++++ Records to use ++++

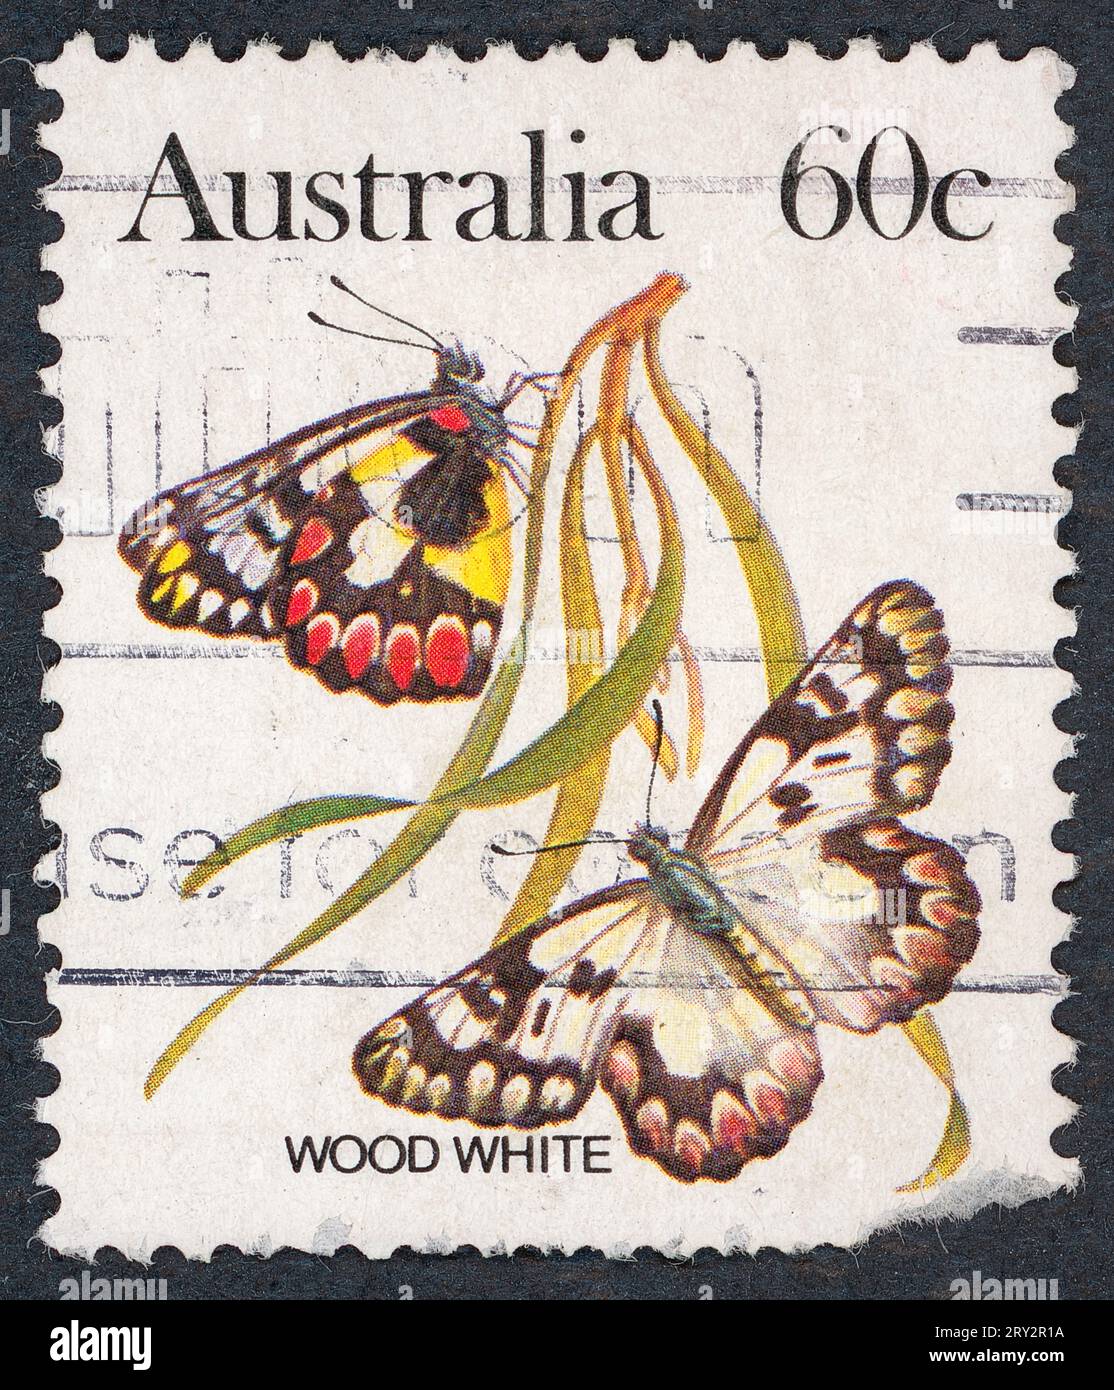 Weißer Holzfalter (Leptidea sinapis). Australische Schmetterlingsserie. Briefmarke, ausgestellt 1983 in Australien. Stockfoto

++++
++++ Records to use ++++

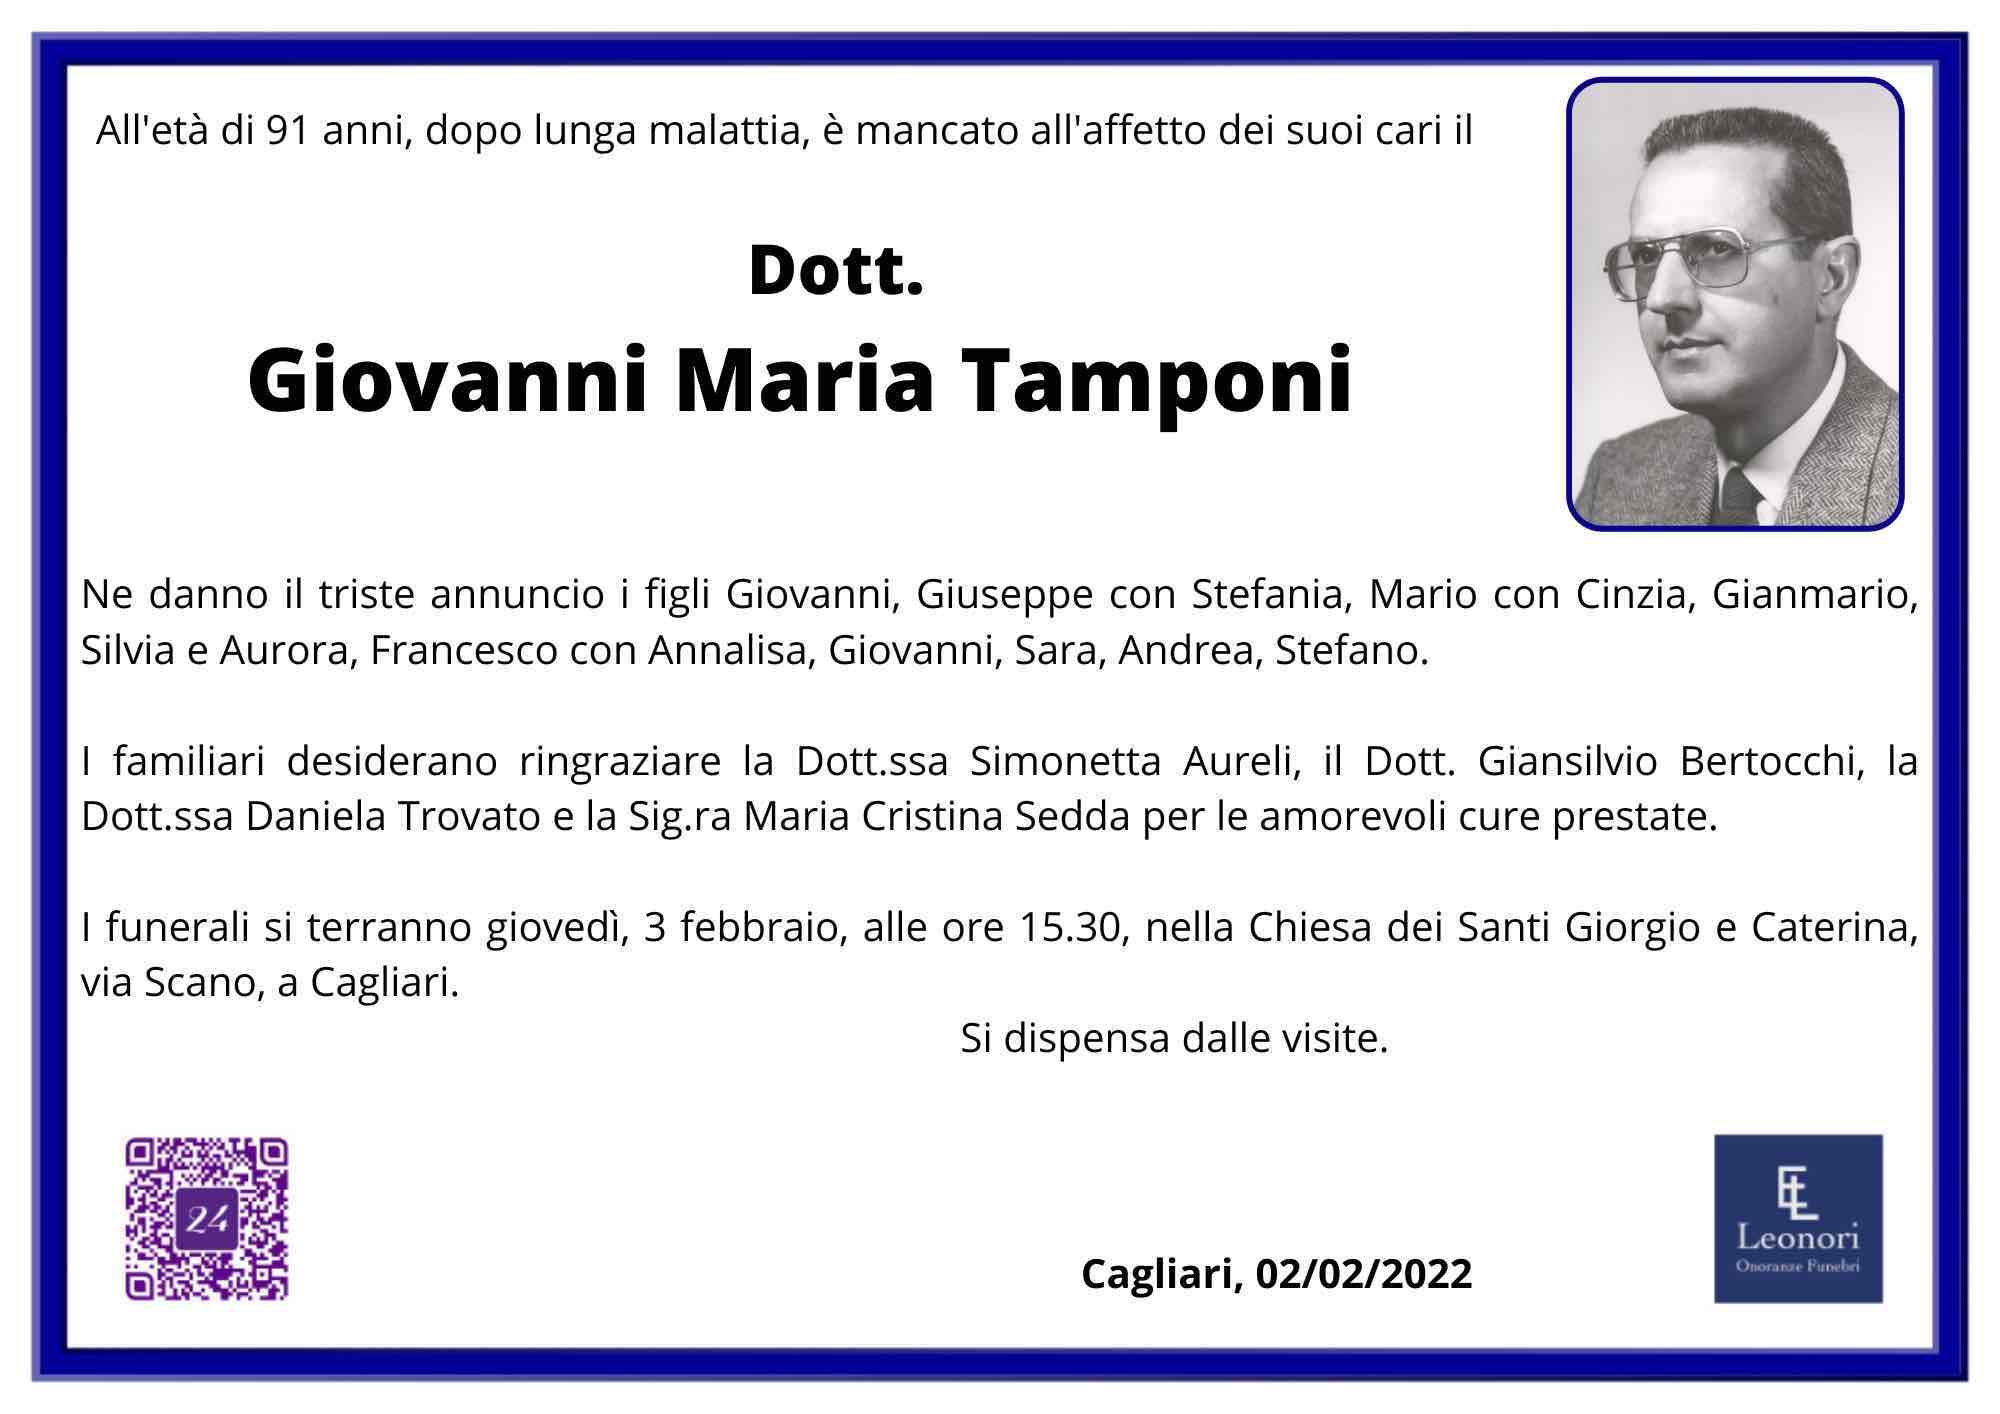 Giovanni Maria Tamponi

++++
++++ Records to use ++++

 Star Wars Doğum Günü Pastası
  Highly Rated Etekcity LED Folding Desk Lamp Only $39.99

++++

-- What is needed --
Copy the lines of the data above exactly as written, beginning with the line containing "Star Wars Doğum Günü Pastası" and ending with the line containing "Highly Rated Etekcity", and leave out all other lines.

-- Solution for this task --
 Star Wars Doğum Günü Pastası
  Highly Rated Etekcity LED Folding Desk Lamp Only $39.99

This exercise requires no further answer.